İstanbul sözcüğünü alalım bu iki parçadan oluşur İSTAN ve BUL...
İSTAN, ön-türkçede ''tanrı katına AS/ılı olan , yani cennette AS/ılı olamayı ifade eden AS/qan kökenden gelir...AS/tan, AS/pan , günümüzde AS/üman olmuştur.(K.Mirşan)
· Hitilerde İSTANU adını taşıyan bir gök tanrısı vardır. Bu, HATTİ'lerdeki ESTANU'nun mirasıdır.(E.Akurgal, Anadolu Kültür tarihi, Tübitak 1967)
· Orta Asyada Tufan kentinin yakınıda ASTANA( Osmanlıca ASİTANE) kenti vardır
· Güney doğu Anadoluda Murat suyu üzerinde Şey Sait'in babasının gömüldüğü tepenin adı ASTAN'dır (M.Toker, şeyh Sait İsyanı)
· Kazakistan, adı BEŞBALIK olna başketinin adını ASTANA'ya çevirmiştir. İSTAN'ın kökenindeki ASTAN'ı bulduk. şimdi de BUL'u rayalım.

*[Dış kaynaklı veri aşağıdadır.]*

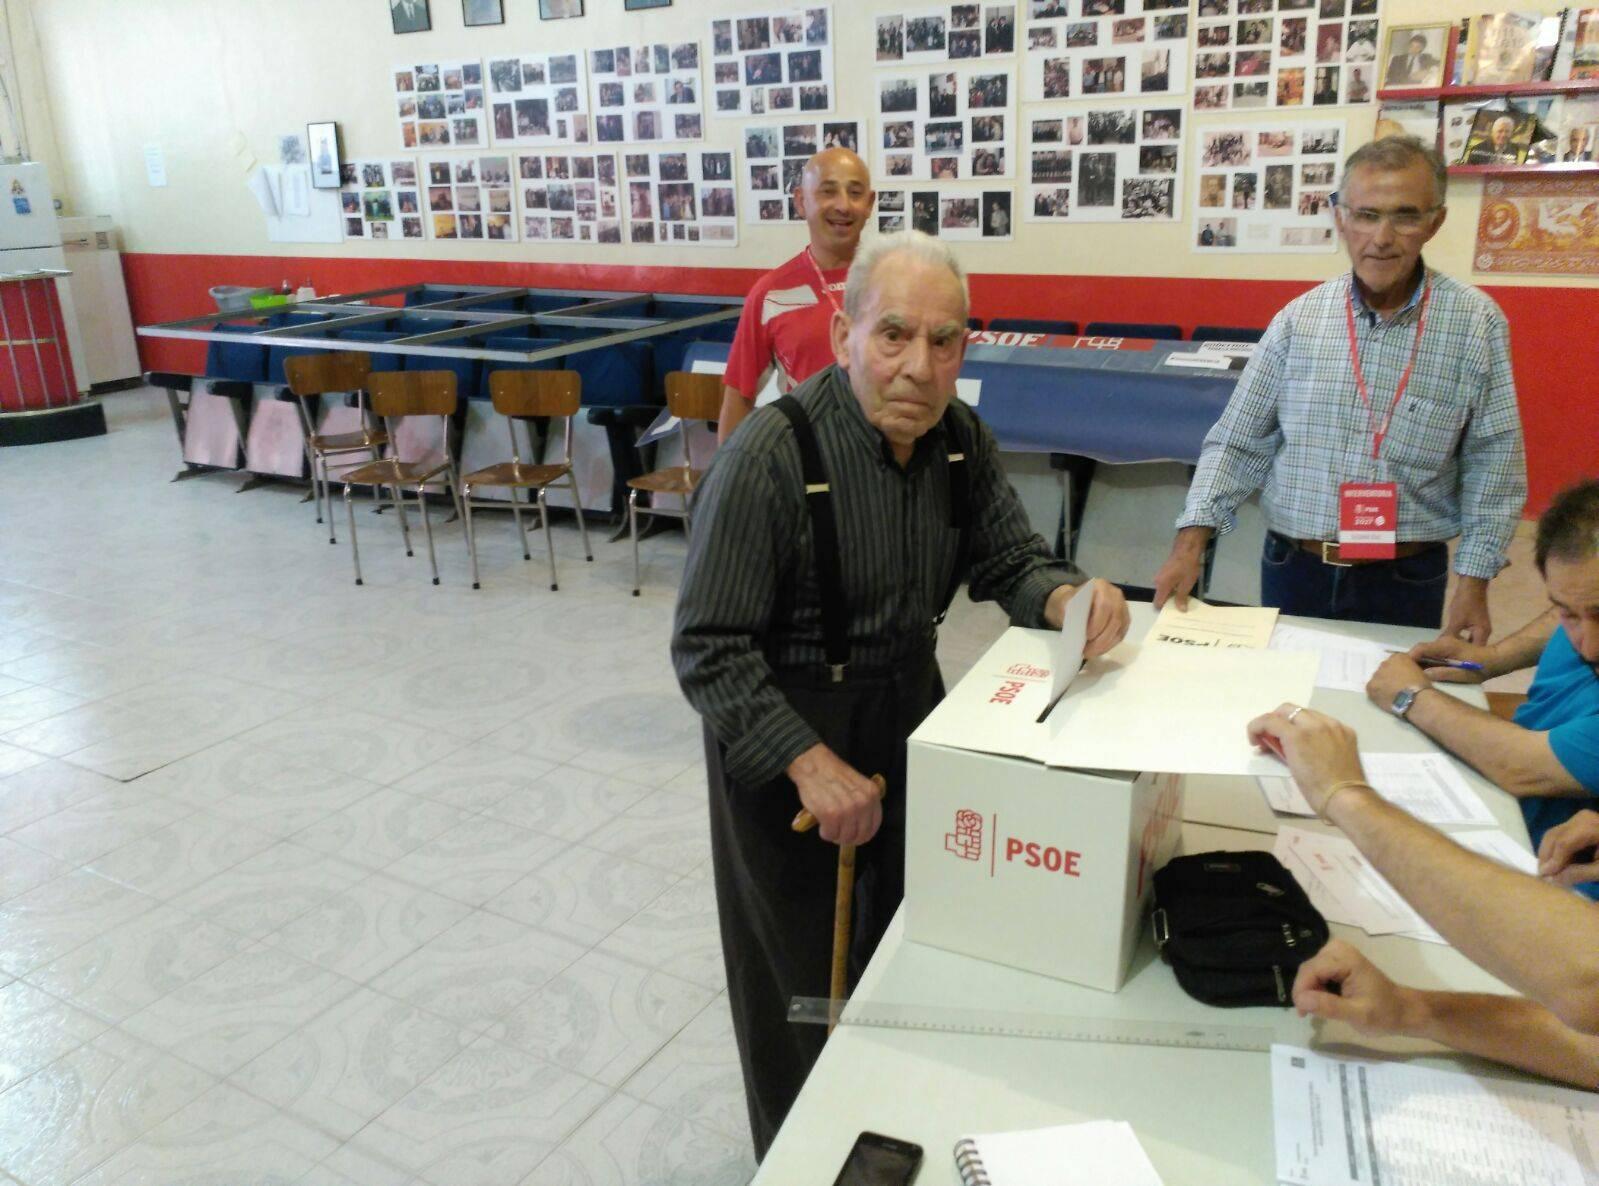 militante votando primarias psoe - PSOE de Herencia participa activamente en las Primarias del partido

Ön-Türklerin ilk büyük konfederasyonu BİR-OY BÏL'in başkentinin adı
· AT-OĞI BOLIQ'tır. Bolıq, ''site'' demektir.
· Kazakistanda bizim ''Beş Balık'' dediğimzi kentin adı BÏŞ-BOLIQ'tur.
· Anadoluda, bu ad BOLU olmuştur.
· Aral gölü yakınıda bri kentin adı Can - BOL'dur.
ASTAN ve BOLIQ kelimelerini içeren üç kent .
· K(ESTAN)- POL ..Trakya
· K(ASTAN)- BOLU...Kastamonu...ve nihayet
· ASTAN -BOLIQ...İSTANBUL
Astana, zamanla, İSTAN ya da SİTAN haline dönüşmüş Acemce olduğu sanılmıştır, aslında ''son ek'' halinde ülke adlarının sonuna gelir.
· Arab'İSTAN, Yunan'İSTAN, Ermeni'STAN, Türk'İSTAN, Bulgar'İSTAN...Freng'İSTAN(frenk, Frank ülkesi..Batı)vb...
Daima tekrarladığımız bir ata sözü vardır : GÜNEŞ BALÇIKLA SIVANMAZ..

Halûk TARCAN*

----------